Problem requirements -> All of the data below must be reproduced word for word, but without its images.

Given data ->
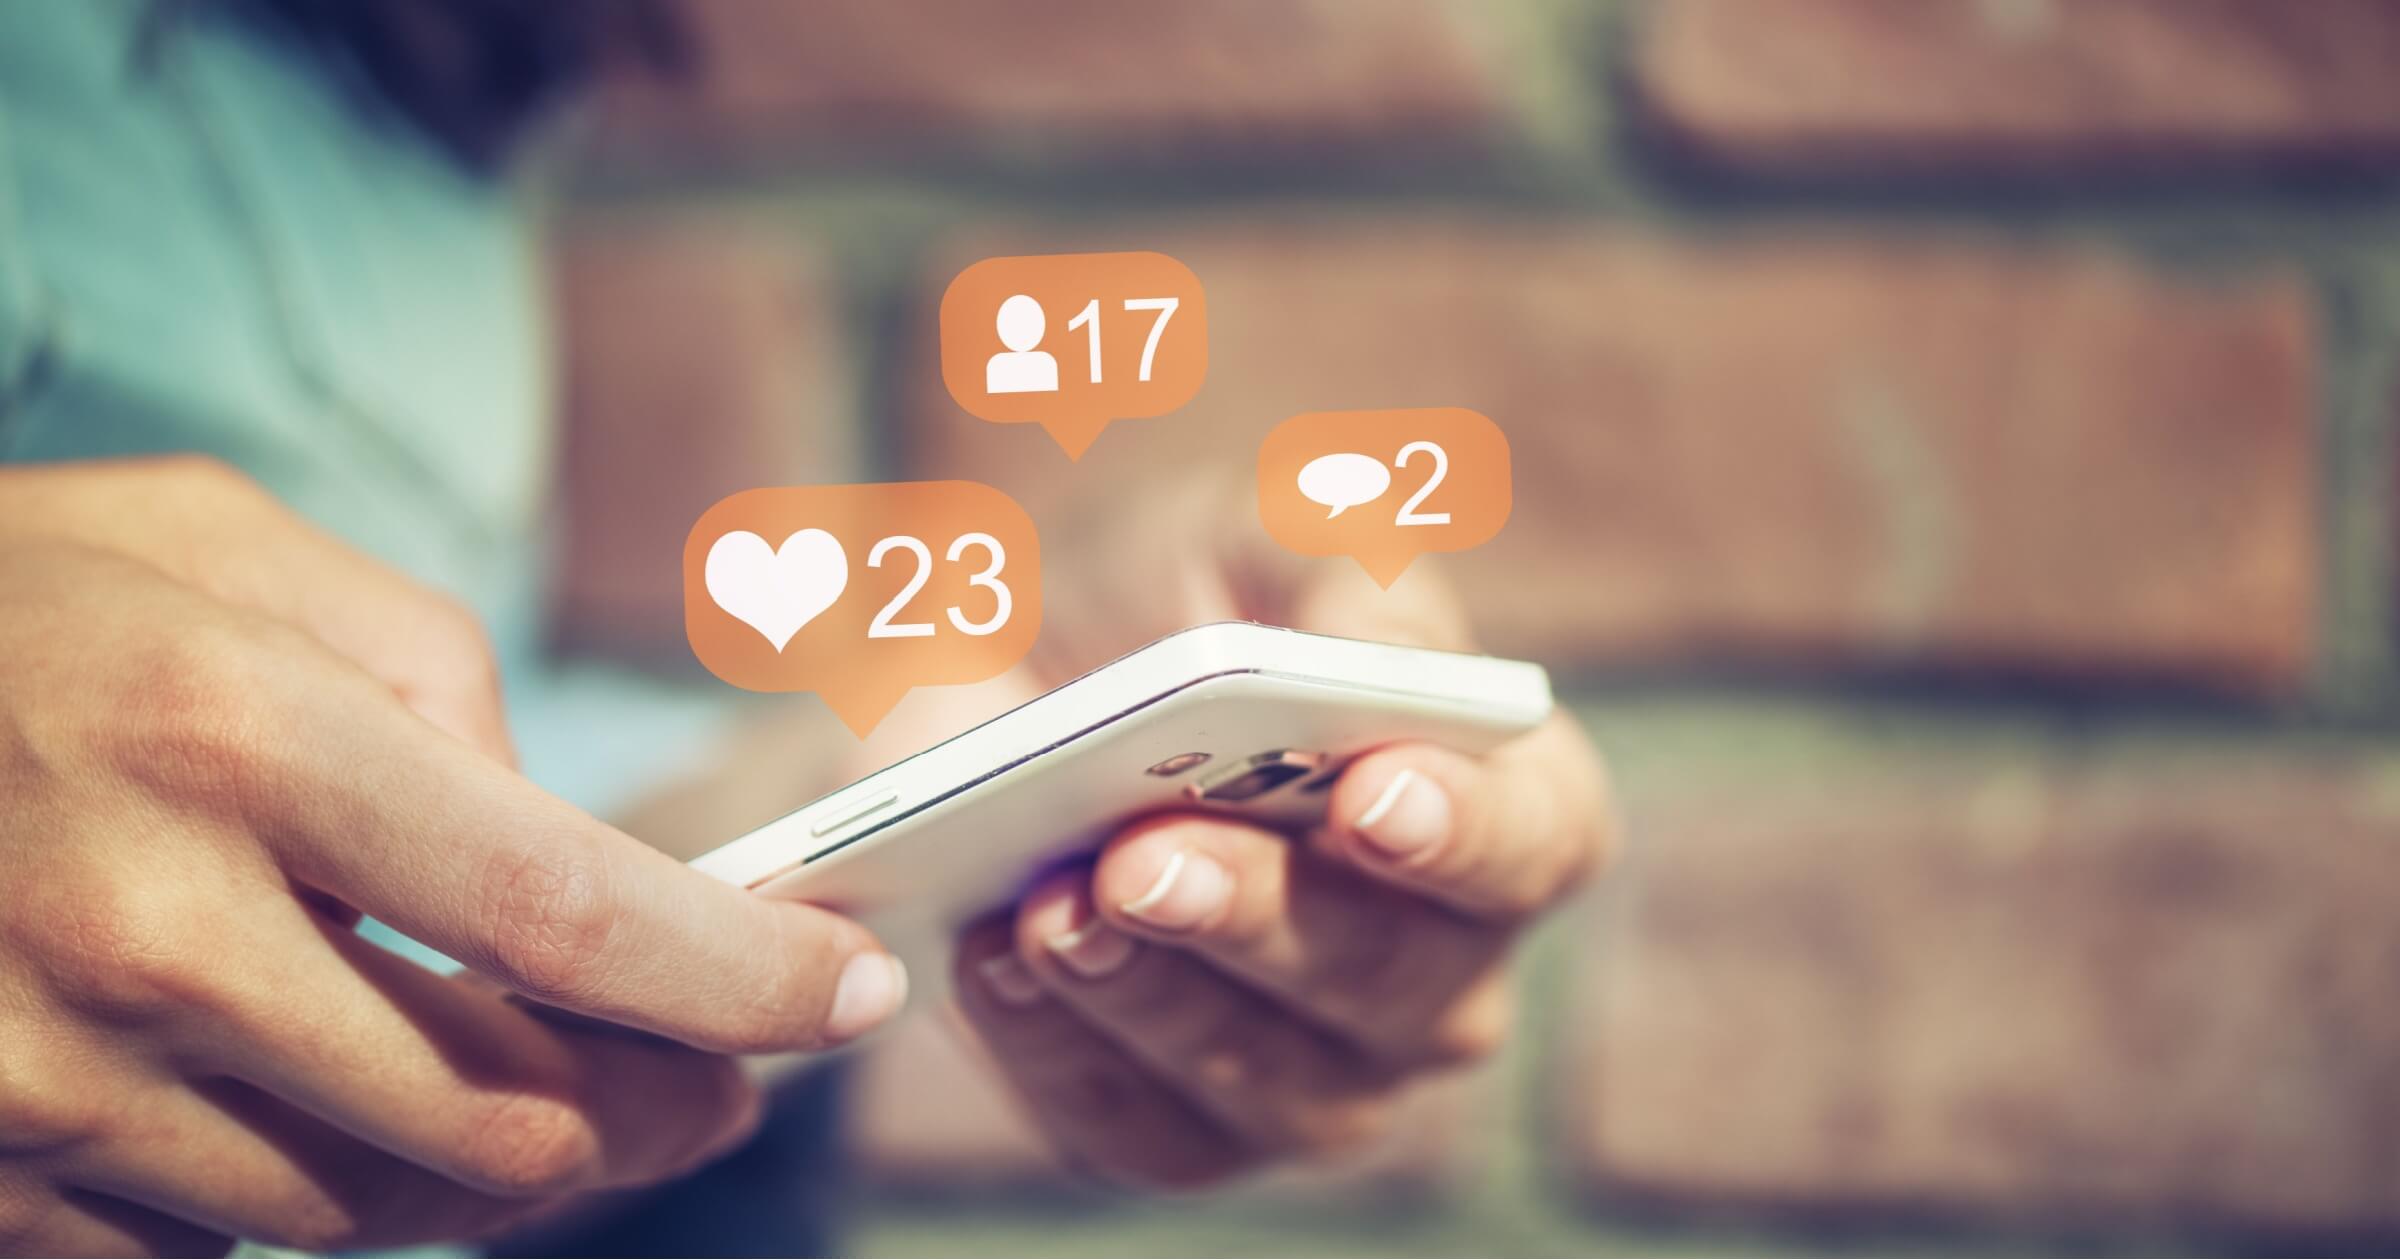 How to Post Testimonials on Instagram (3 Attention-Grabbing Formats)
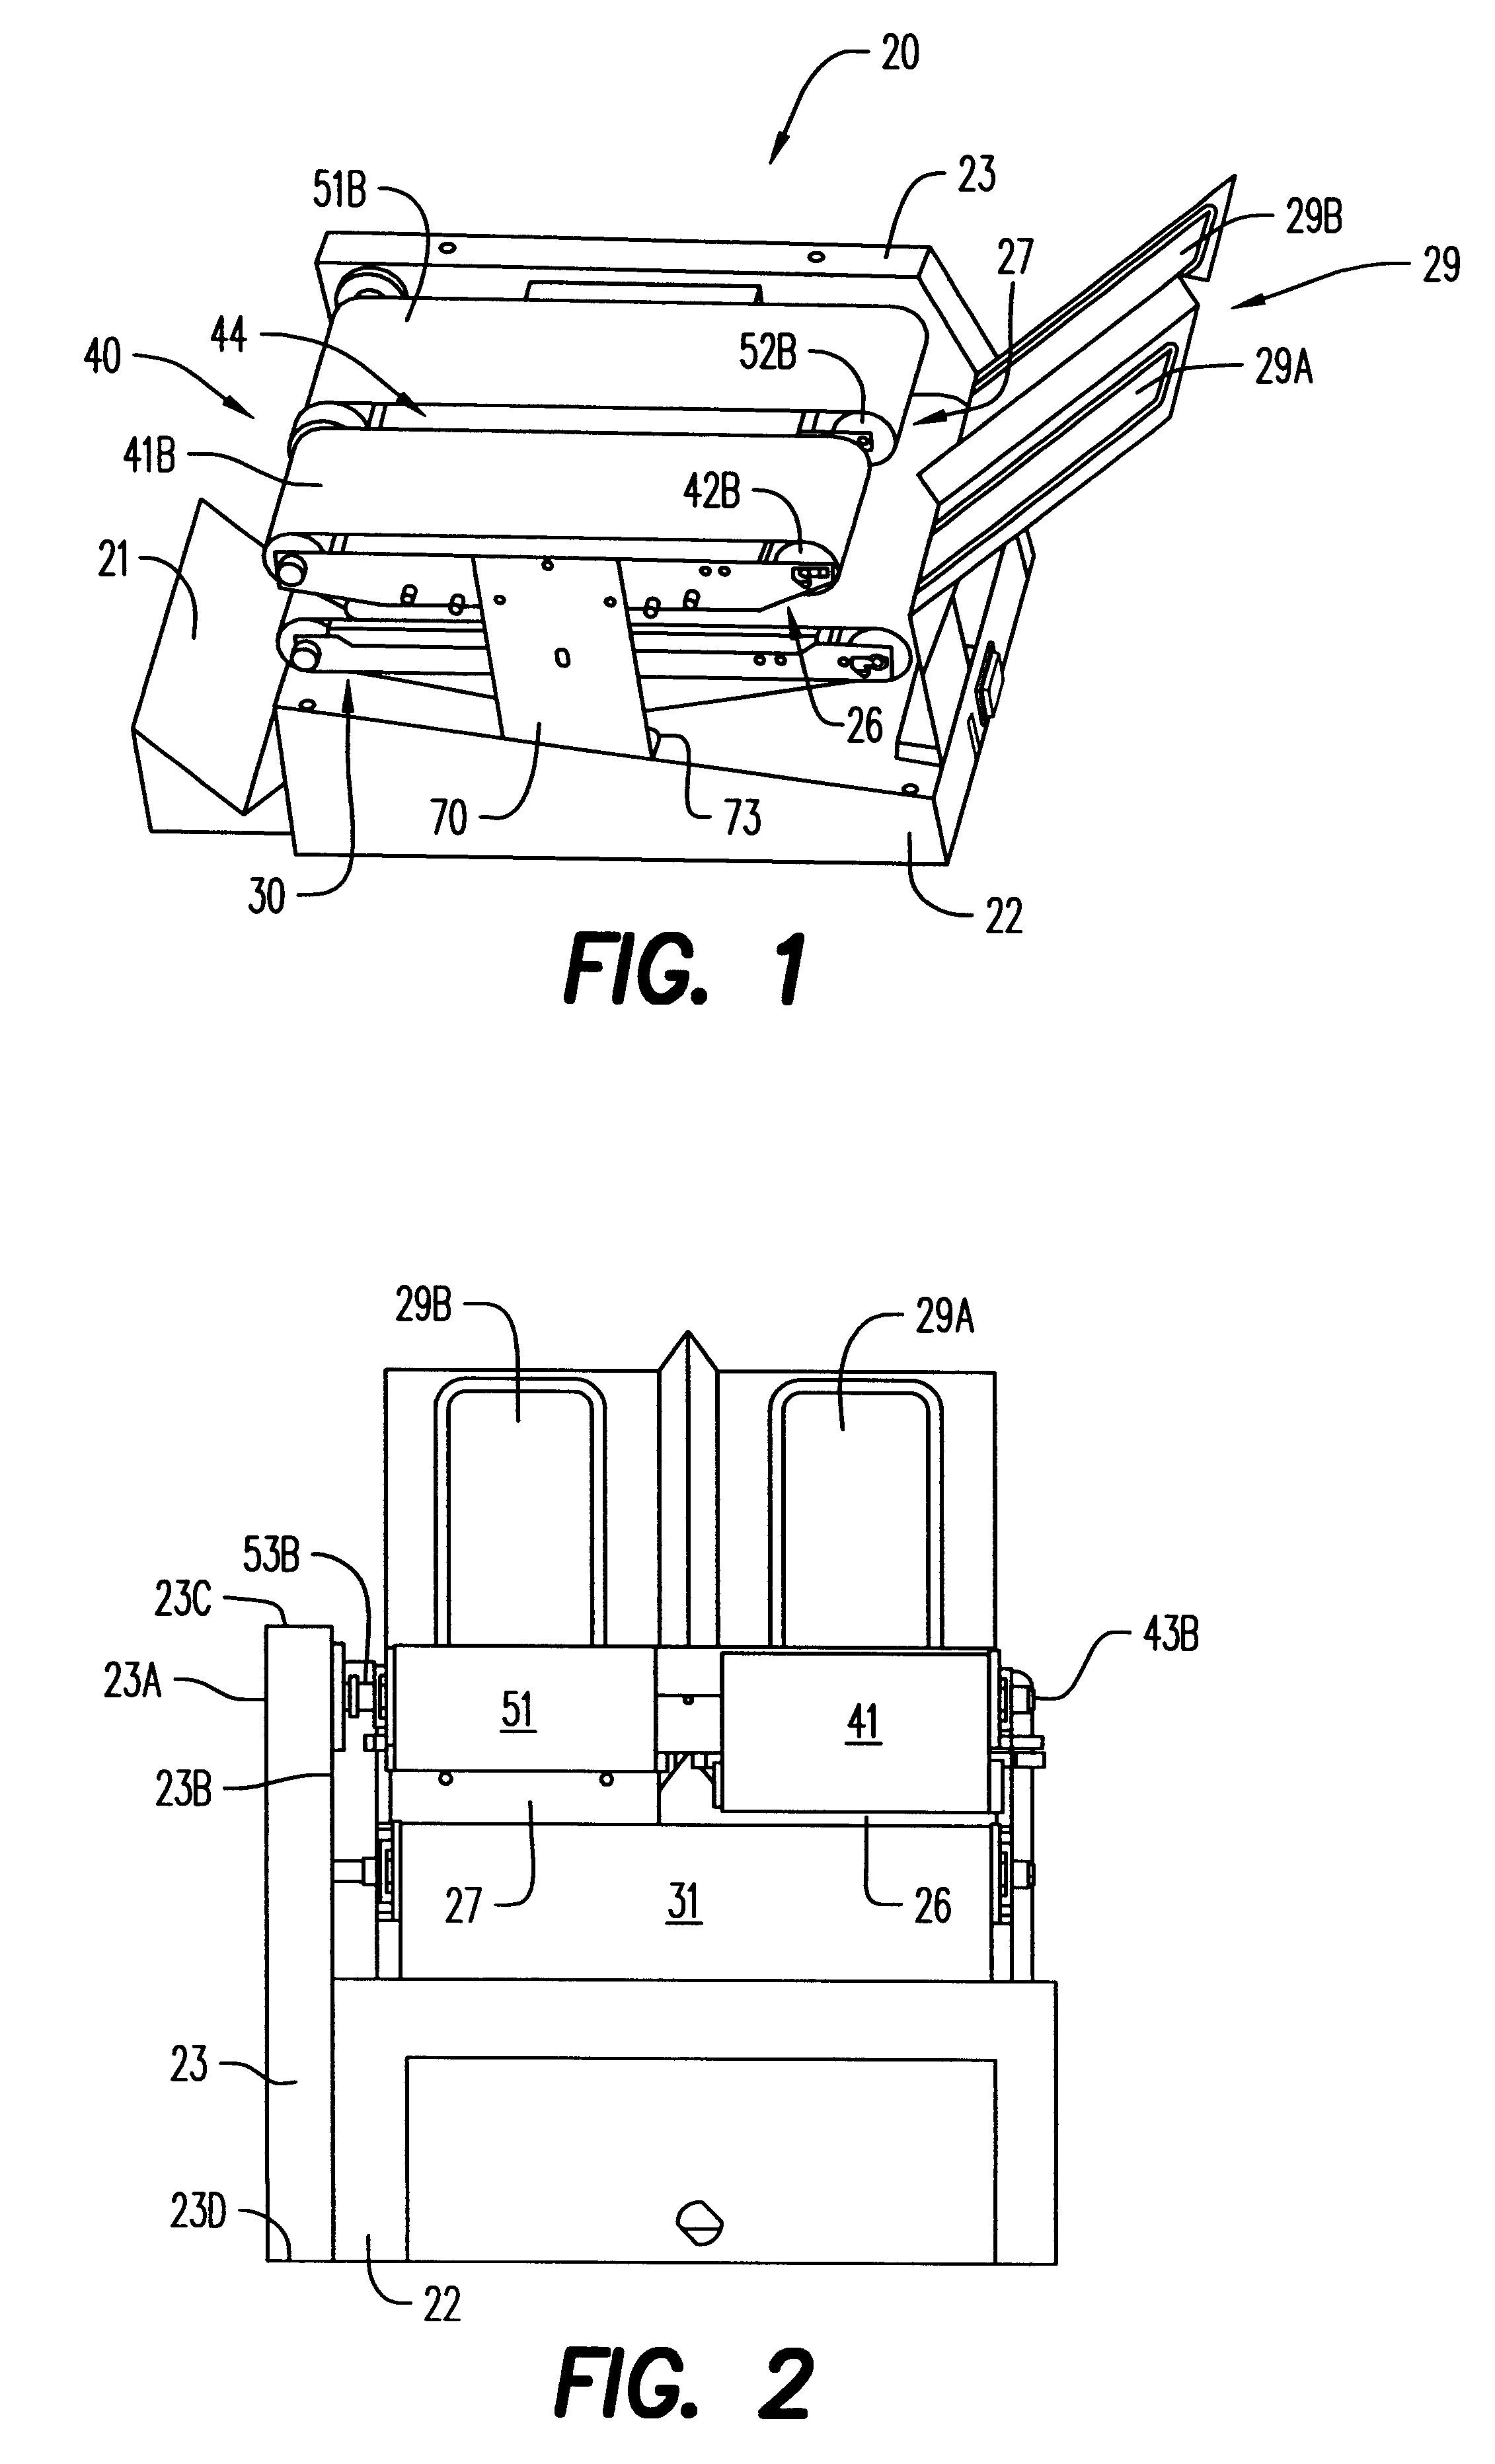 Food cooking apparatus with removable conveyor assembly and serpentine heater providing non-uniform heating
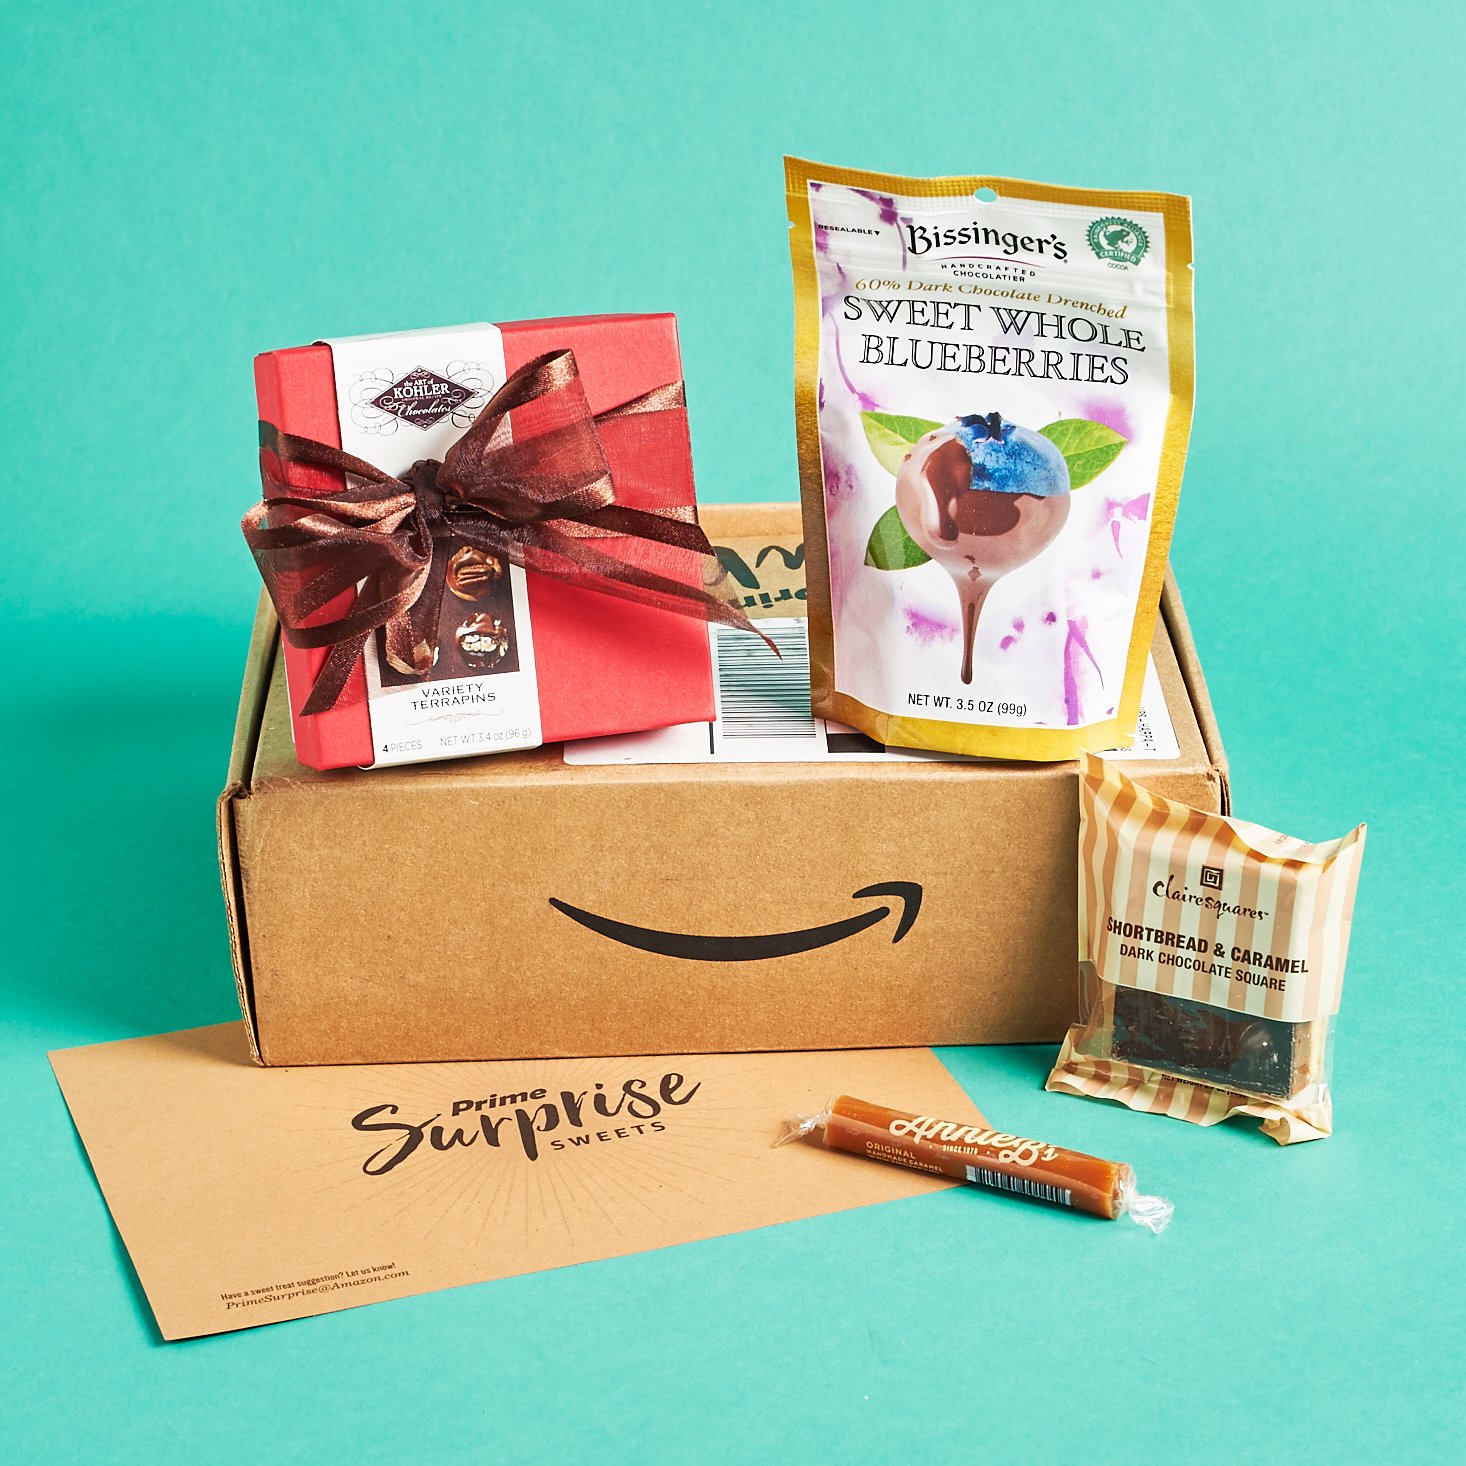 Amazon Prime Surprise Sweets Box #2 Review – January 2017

Solved problem ->
 How to Post Testimonials on Instagram (3 Attention-Grabbing Formats)
 Food cooking apparatus with removable conveyor assembly and serpentine heater providing non-uniform heating
 Amazon Prime Surprise Sweets Box #2 Review – January 2017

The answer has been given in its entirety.